The Court of Common Pleas of Delaware County offered the following summary of the relevant facts:

Around 6:00 a.m. on September 14, 2003, Ann Flood ("Flood") entered the Darby Borough Laundromat ("laundromat") at 516 Main Street in Darby, Delaware County. The only other person in the Laundromat was John Reider ("Reider"), the elderly owner. Half an hour later, Warren entered the laundromat and asked Reider for change. Warren returned several times to get change from Reider. A short time later, Flood turned around and saw Reider on the floor and Warren standing over him demanding "give me your money, give me your money." Flood observed a gun in Warren's hand while he patted Reider down. Warren dragged Reider into Reider's office in the back of the laundromat and shot him in the leg when he claimed that he had no money. Mortally wounded, Reider admitted that money was in the drawer. Warren seized the money in the drawer and asked where the rest of the money was located. Reider responded that the money in the drawer was all he had to open the store.
Warren asked Flood if she had any money, and she said she did not. Warren picked up Flood's pocketbook, threatening: "If I find out you're lying . . ." Warren ordered both Flood and Reider into the basement. Flood helped push Reider down the stairs, for he was unable to walk. While on the stairs, Flood observed Warren smoking something.
At this point, George Robinson ("Robinson") entered the laundromat. While Robinson was putting his clothes into a washing machine, Warren walked up to him, thrust a chrome-plated gun in his back, and demanded his money and car keys. Robinson gave Warren about $220 in cash and told him that the keys were in his 1996 Ford Crown Victoria in front of the laundromat. Warren ordered Robinson downstairs. Robinson waited downstairs for about ten minutes and then came up to check whether Warren was there. Finding the laundromat empty, Robinson called police.
Police and emergency medical technicians arrived several minutes later. Reider was rushed to the hospital, where he later died.
Commonwealth v. Warren, No. 5176-03, slip op. at 2-3 (Pa. Com. Pl. Aug. 15, 2006) [hereinafter Warren 2006] (footnote omitted) (citations omitted). After informing his girlfriend that he had robbed someone and taken a car, id. at 7, Petitioner was apprehended with crack cocaine on his person, id. at 6. He was read his Miranda rights, then gave a tape-recorded confession to the police. Id. at 7.

In September 2005, Petitioner was found guilty of second degree murder, three counts of robbery, robbery of a motor vehicle, and possession of a controlled substance. Report & Recommendation ("R&R") 1. He was sentenced to life in prison for second degree murder, an aggregate term (to be served consecutively) of 10 to 20 years for robbery, a concurrent term of 5 to 10 years for robbery of a motor vehicle, and a concurrent term of 16 to 32 months for possession of a controlled substance. R&R 1-2.

Petitioner appealed his conviction, arguing that the trial court should have suppressed his post-arrest statement to the police. The Pennsylvania Superior Court affirmed his conviction on July 3, 2007. R&R 3. Petitioner then pursued collateral attacks to his conviction under the Post Conviction Relief Act ("PCRA"). The PCRA court found his arguments meritless, and the Pennsylvania Superior Court agreed on May 10, 2013. Id. at 4.

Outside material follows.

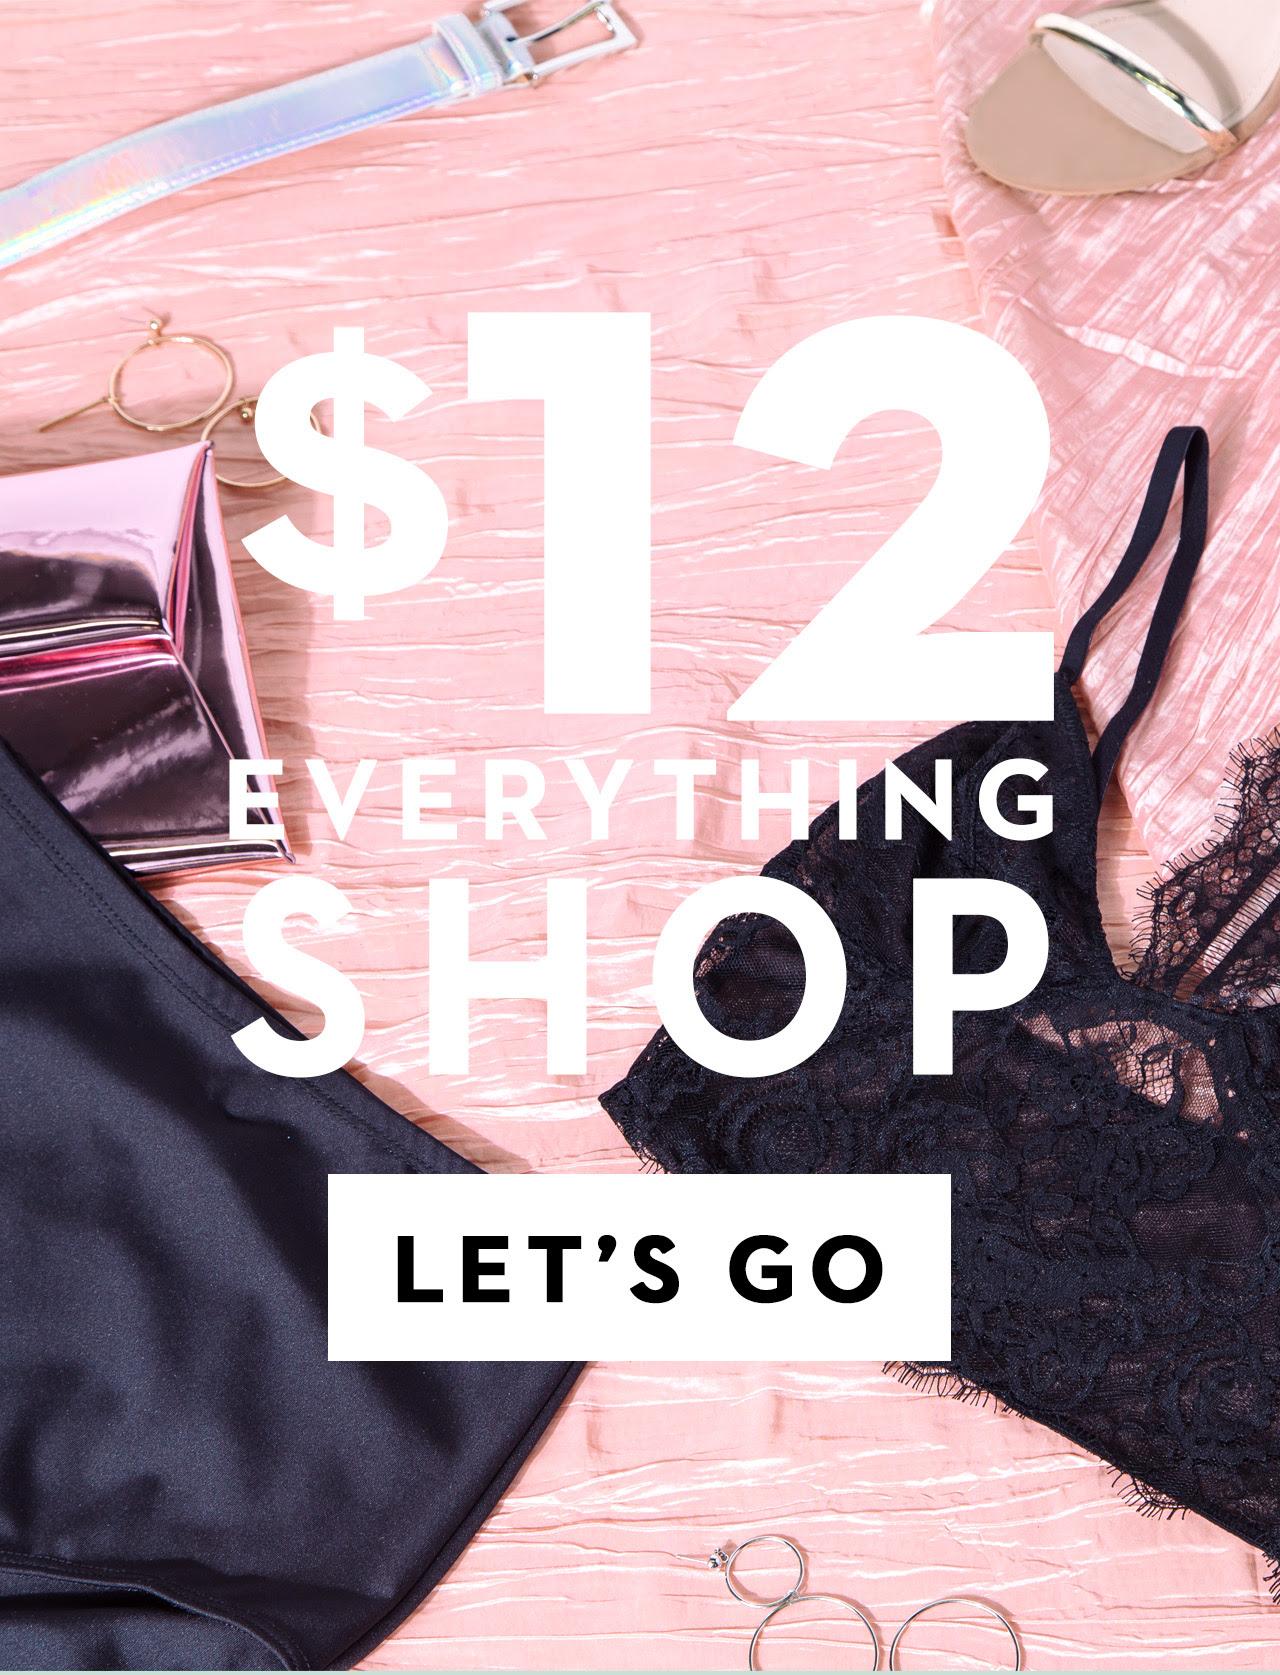 $12 EVERTHING ???? Let's GooOo...

On January 21, 2014, Petitioner filed his Habeas Petition, asserting four claims for habeas relief: (1) the police lacked probable cause to arrest him; (2) the trial court erred by denying his motion to suppress his inculpatory statements; (3) trial counsel was ineffective for failing to request a jury instruction concerning the lack of voluntary confession; and (4) trial counsel was ineffective for failing to employ an expert to testify about the effects of the crack cocaine Petitioner was allegedly on during police questioning. ECF No. 1. Respondents answered, arguing that all of Petitioner's claims are non-cognizable and/or meritless. ECF No. 8. Judge Heffley entered a Report and Recommendation on August 29, 2014 (ECF No. 9), and Petitioner filed objections (ECF Nos. 10, 11). The Habeas Petition is now ripe for disposition.

II. LEGAL STANDARD

The Court may refer an application for a writ of habeas corpus to a U.S. Magistrate Judge for a report and recommendation. 28 U.S.C. § 636(b)(1)(B). A prisoner may object to the magistrate judge's report and recommendations within fourteen days after being served with a copy thereof. See § 636(b)(1); E.D. Pa. R. Civ. P. 72.1(IV)(b). The Court must then "make a de novo determination of those portions of the report or specified proposed findings or recommendations to which objection is made." § 636(b)(1). The Court does not review general objections. See Brown v. Astrue, 649 F.3d 193, 195 (3d Cir. 2011) ("We have provided that § 636(b)(1) requires district courts to review such objections de novo unless the objection is not timely or not specific." (internal quotation marks omitted)). The Court "may accept, reject, or modify, in whole or in part, the findings or recommendations made by the magistrate judge." § 636(b)(1).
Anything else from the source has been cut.